[Items listed in a dataset]
****************************************

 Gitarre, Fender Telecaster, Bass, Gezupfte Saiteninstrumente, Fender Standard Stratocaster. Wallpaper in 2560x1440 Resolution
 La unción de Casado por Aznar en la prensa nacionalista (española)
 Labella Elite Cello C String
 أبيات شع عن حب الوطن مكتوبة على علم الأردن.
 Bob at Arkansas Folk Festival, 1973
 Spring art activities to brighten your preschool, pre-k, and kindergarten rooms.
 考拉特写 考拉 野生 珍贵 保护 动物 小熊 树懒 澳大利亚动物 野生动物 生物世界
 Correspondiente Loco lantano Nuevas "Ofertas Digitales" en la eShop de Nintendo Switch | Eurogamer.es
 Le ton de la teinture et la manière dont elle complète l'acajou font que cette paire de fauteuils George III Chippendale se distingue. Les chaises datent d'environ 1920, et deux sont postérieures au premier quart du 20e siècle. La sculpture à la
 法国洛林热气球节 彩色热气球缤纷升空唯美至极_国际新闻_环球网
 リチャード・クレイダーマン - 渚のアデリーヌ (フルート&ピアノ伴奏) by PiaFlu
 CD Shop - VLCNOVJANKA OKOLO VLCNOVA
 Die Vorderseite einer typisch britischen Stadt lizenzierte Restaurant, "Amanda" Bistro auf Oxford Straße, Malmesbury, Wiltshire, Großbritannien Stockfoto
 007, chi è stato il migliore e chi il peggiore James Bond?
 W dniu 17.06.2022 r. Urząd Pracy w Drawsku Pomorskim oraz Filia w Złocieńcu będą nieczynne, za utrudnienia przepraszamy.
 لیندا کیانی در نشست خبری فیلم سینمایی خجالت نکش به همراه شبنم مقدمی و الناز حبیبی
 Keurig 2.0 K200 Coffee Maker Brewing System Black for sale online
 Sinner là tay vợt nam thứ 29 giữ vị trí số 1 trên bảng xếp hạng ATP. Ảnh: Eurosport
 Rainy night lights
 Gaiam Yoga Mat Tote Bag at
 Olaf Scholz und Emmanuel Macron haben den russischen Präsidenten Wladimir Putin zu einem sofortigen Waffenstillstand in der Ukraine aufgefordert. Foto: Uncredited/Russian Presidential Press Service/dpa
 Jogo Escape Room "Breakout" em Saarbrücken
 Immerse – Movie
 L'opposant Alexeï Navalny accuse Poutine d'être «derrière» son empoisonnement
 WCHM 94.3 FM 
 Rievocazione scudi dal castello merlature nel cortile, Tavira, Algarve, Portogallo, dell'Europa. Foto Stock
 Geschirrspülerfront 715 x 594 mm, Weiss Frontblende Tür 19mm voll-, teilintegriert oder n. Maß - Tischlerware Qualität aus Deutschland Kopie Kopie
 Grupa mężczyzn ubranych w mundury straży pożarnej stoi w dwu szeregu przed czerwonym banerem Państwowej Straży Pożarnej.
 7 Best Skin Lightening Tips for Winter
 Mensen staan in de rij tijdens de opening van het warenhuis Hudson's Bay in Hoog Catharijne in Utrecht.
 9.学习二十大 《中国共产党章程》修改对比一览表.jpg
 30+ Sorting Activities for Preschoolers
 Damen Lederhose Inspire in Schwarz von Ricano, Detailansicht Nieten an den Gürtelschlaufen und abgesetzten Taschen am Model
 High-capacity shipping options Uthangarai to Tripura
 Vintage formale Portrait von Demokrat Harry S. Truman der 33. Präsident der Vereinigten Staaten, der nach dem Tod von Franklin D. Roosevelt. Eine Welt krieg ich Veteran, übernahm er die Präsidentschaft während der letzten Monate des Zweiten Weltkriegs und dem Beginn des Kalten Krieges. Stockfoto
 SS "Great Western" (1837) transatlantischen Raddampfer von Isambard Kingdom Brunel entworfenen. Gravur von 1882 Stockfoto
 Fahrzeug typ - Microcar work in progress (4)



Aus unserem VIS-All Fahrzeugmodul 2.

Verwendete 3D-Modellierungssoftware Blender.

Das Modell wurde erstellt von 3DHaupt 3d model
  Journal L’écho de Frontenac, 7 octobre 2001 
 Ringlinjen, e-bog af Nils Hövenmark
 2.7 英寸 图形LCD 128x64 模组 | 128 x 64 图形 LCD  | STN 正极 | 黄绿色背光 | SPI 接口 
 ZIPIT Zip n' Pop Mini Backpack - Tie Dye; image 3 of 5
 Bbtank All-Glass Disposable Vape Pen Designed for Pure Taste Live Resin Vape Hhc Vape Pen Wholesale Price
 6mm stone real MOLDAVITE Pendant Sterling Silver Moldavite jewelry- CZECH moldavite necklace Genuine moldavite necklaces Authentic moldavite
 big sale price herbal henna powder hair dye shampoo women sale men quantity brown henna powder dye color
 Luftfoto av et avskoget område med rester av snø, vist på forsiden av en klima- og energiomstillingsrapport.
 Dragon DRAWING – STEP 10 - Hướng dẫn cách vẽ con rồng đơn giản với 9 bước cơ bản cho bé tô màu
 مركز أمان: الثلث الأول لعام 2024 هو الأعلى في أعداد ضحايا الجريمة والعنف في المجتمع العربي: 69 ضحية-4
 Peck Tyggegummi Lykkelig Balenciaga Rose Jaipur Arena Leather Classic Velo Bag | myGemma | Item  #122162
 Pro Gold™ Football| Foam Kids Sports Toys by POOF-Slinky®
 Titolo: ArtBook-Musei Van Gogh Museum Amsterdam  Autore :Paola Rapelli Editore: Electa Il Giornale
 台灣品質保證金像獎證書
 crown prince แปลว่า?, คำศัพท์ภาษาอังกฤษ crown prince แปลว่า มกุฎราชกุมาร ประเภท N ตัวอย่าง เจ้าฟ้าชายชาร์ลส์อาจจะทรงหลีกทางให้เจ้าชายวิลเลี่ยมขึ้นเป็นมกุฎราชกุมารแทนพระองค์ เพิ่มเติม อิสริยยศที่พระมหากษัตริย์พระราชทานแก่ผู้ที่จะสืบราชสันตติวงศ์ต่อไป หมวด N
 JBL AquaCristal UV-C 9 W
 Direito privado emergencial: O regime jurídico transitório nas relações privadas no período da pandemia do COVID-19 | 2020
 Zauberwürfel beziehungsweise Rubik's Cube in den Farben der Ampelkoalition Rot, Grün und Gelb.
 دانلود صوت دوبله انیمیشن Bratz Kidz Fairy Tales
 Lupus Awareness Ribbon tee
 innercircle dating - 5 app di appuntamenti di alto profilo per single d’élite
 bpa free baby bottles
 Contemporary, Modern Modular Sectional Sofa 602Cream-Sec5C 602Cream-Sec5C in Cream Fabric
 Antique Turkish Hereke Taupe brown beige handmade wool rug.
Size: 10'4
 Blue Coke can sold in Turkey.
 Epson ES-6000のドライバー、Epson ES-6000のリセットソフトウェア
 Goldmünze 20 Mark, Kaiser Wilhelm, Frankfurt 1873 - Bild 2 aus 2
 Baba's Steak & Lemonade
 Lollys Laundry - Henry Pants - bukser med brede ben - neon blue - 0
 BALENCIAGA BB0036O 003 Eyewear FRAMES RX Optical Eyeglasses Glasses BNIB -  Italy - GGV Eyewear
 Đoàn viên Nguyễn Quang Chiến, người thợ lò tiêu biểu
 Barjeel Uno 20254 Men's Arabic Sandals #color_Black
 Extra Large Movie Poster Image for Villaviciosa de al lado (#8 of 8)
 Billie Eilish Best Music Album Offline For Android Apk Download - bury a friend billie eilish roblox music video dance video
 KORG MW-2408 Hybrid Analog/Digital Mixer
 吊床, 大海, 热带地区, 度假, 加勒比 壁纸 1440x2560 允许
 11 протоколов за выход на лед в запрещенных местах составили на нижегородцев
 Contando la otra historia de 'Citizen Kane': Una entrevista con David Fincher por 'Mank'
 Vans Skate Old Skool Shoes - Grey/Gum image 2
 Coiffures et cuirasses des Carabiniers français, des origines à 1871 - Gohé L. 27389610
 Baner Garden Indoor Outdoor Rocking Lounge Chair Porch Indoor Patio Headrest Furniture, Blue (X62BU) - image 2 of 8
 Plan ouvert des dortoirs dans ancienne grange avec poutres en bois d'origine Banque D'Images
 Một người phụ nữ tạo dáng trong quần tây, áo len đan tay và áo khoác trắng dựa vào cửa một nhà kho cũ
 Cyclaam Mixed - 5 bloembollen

****************************************

## Assignment
Show the lines of the records that include the string "Movie".

## Your solution
 Immerse – Movie
 Extra Large Movie Poster Image for Villaviciosa de al lado (#8 of 8)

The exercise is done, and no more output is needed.